## REQUIREMENT
Take the line containing "ION Seek Core" and every line after it to the end of the material below; reproduce them exactly, without pictures.

## COLLECTED DATA

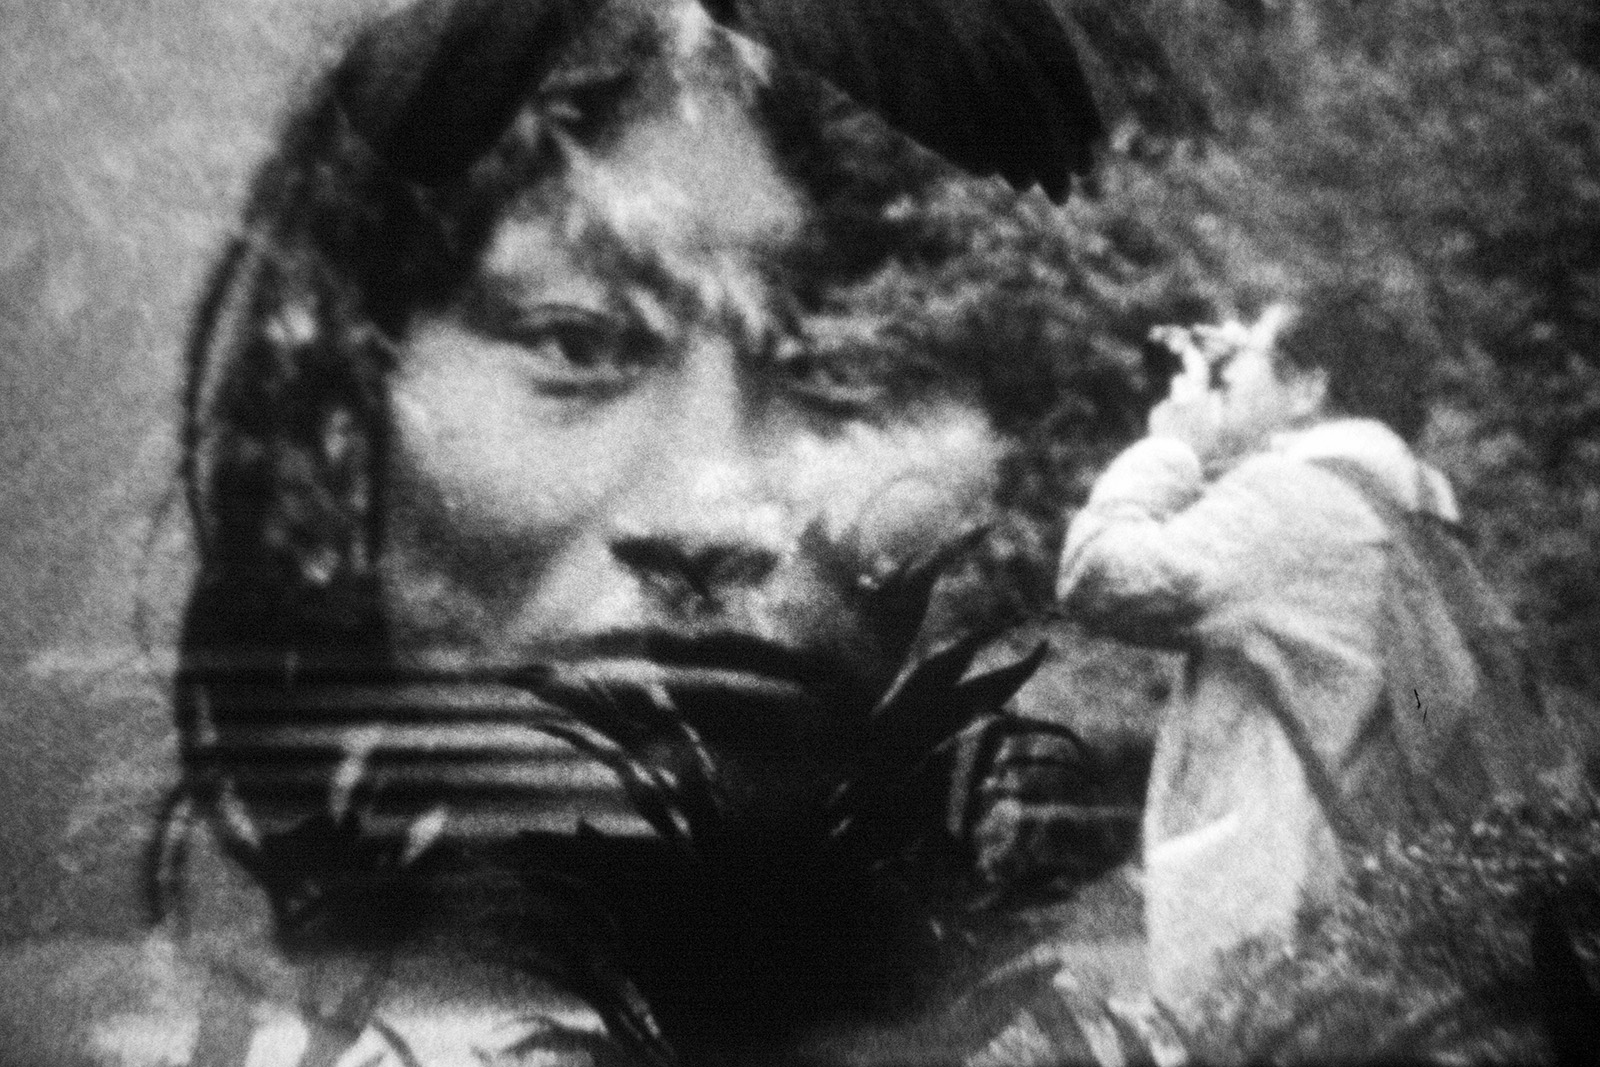 A man photographs a screen showing a head of an indigenous person
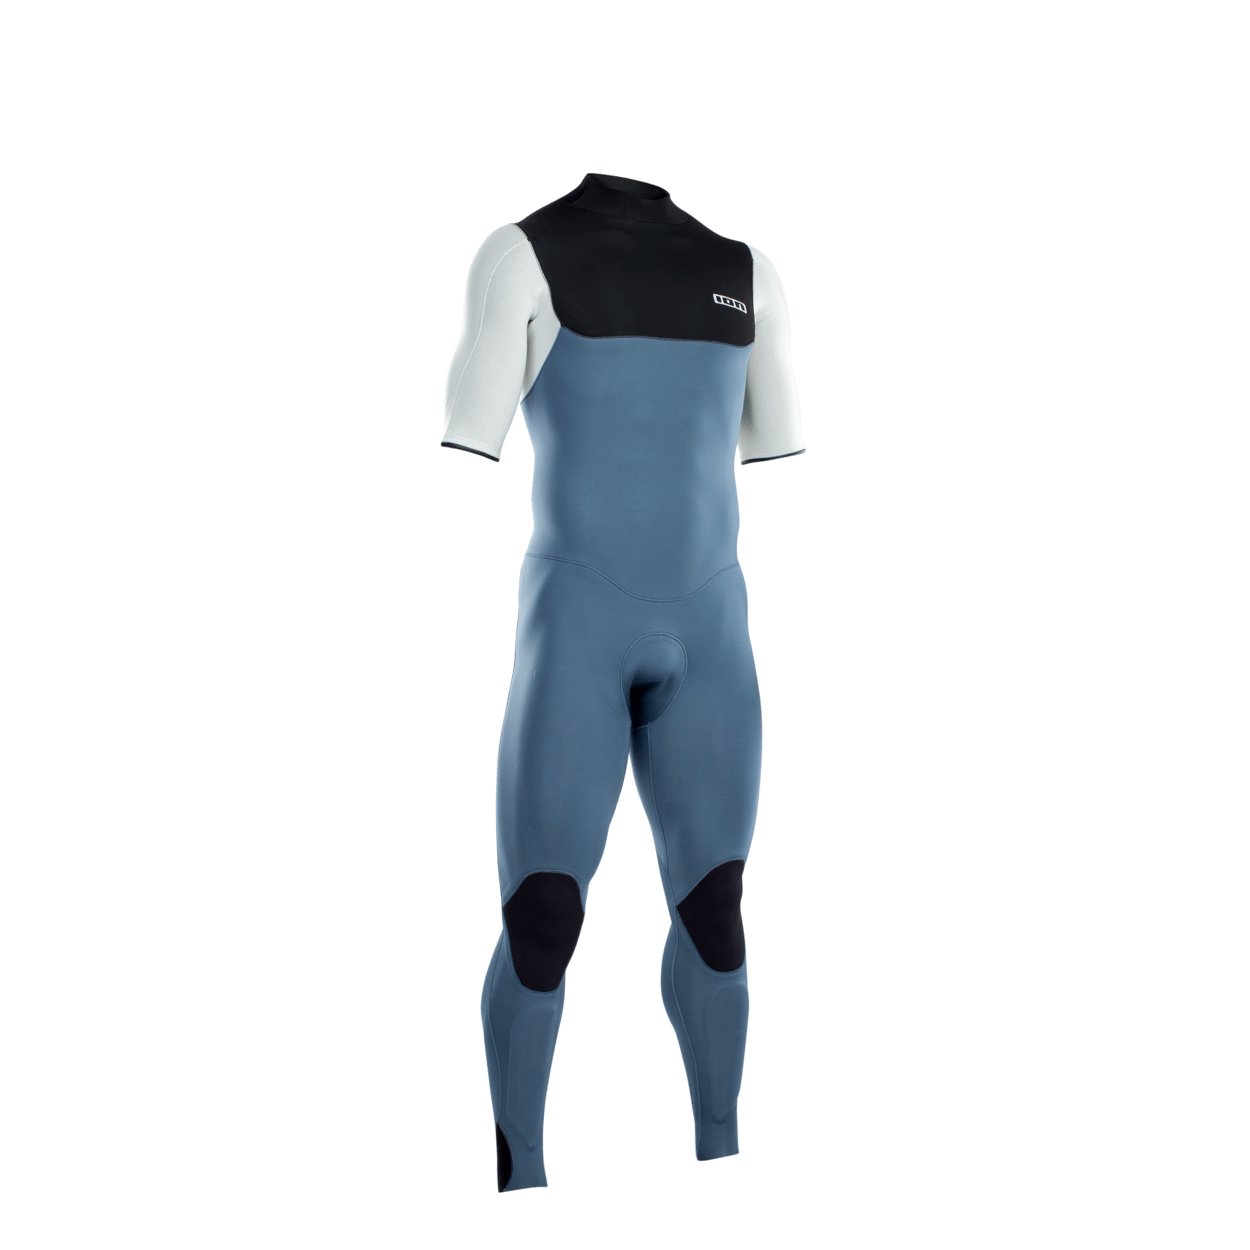 ION Seek Core Steamer SS 3/2 BZ DL 2021 - Worthing Watersports - 9008415946617 - Wetsuits - ION Water
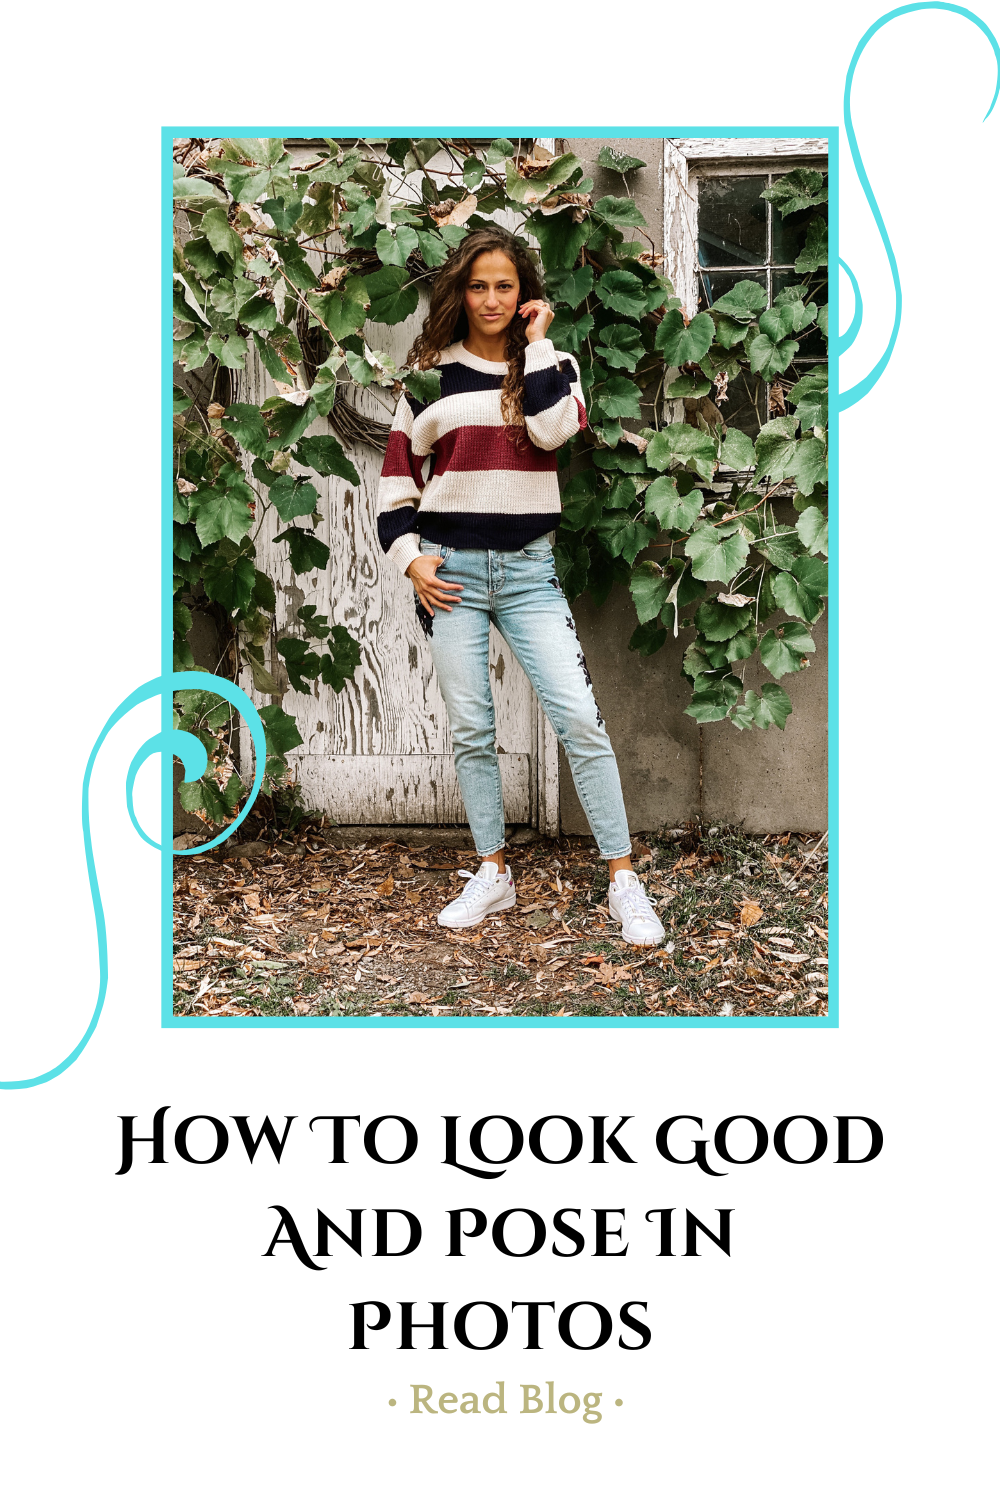 How To Pose And Look Good In Photos.JPG

## RESULT OF THIS TASK
 ION Seek Core Steamer SS 3/2 BZ DL 2021 - Worthing Watersports - 9008415946617 - Wetsuits - ION Water
 How To Pose And Look Good In Photos.JPG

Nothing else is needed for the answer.